**The task**
In the entries that follow, find the line containing "Humanscale Freedom Chair |" and the line containing "Budapest business club", then retype exactly the lines from the first through the second, pictures excluded.

**Available data**
=== Section Start ===

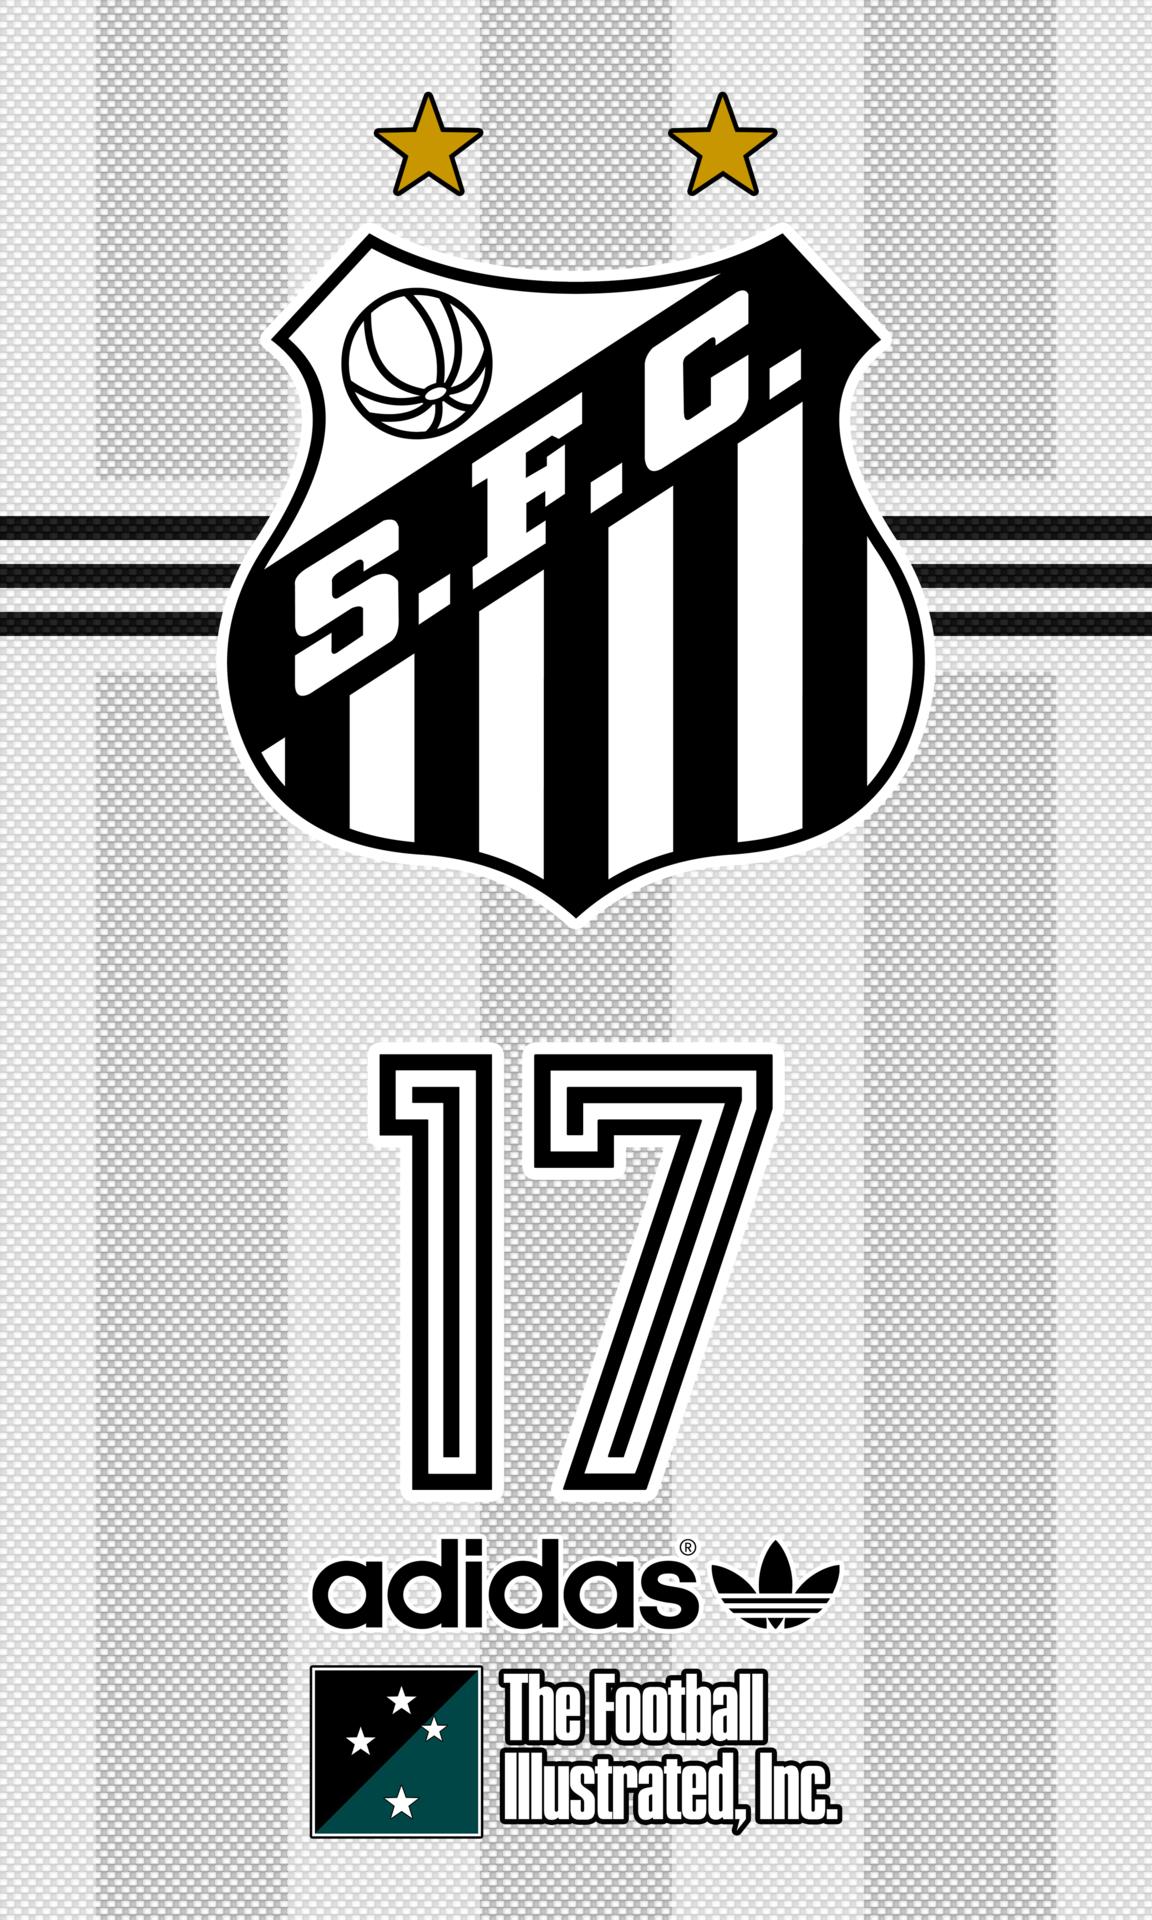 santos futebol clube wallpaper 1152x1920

=== Section End ===
=== Section Start ===

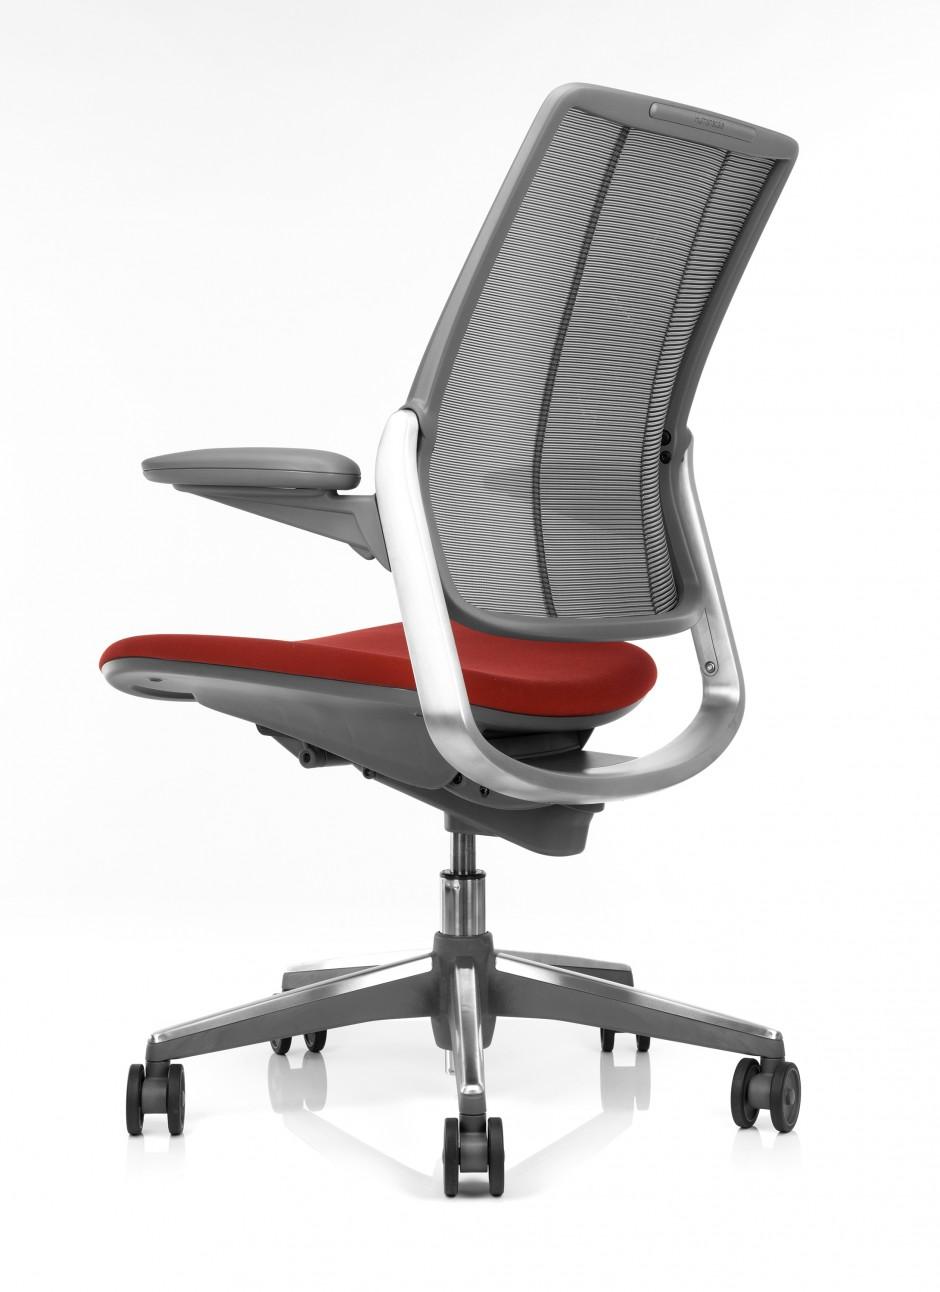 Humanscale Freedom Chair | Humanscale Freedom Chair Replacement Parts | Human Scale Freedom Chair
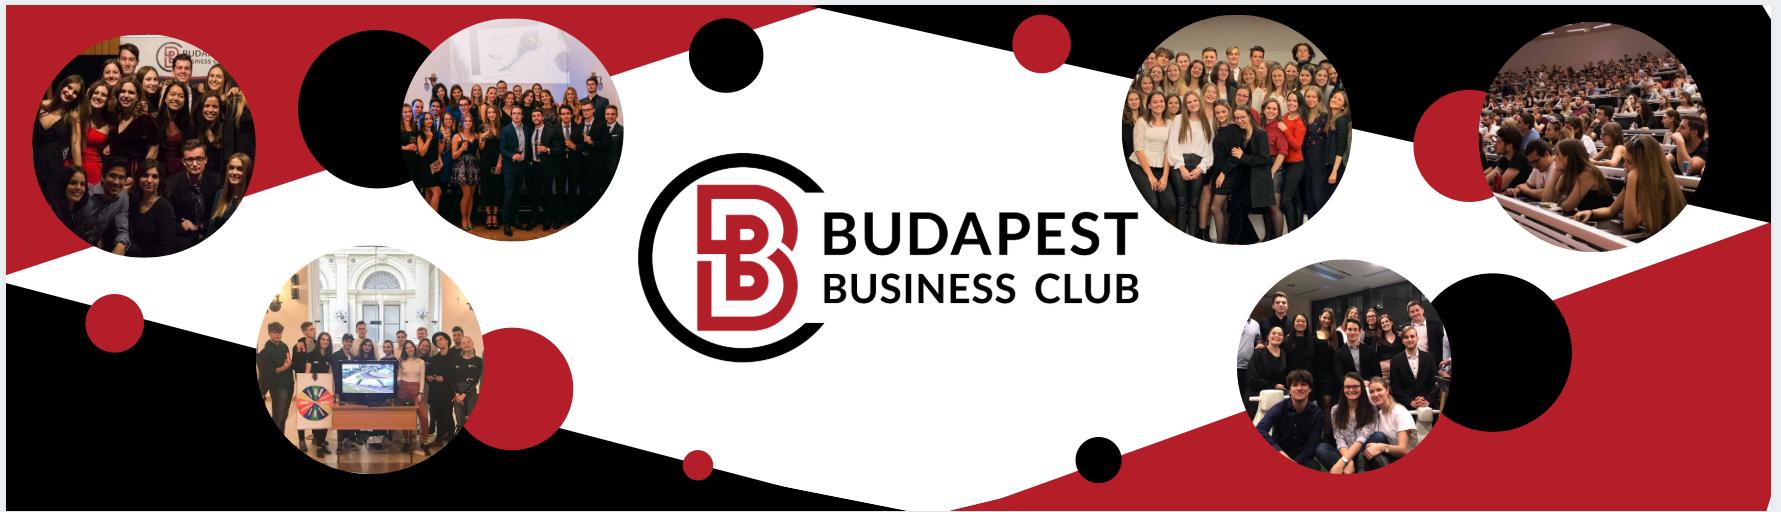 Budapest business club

=== Section End ===

**Expected answer**
 Humanscale Freedom Chair | Humanscale Freedom Chair Replacement Parts | Human Scale Freedom Chair
 Budapest business club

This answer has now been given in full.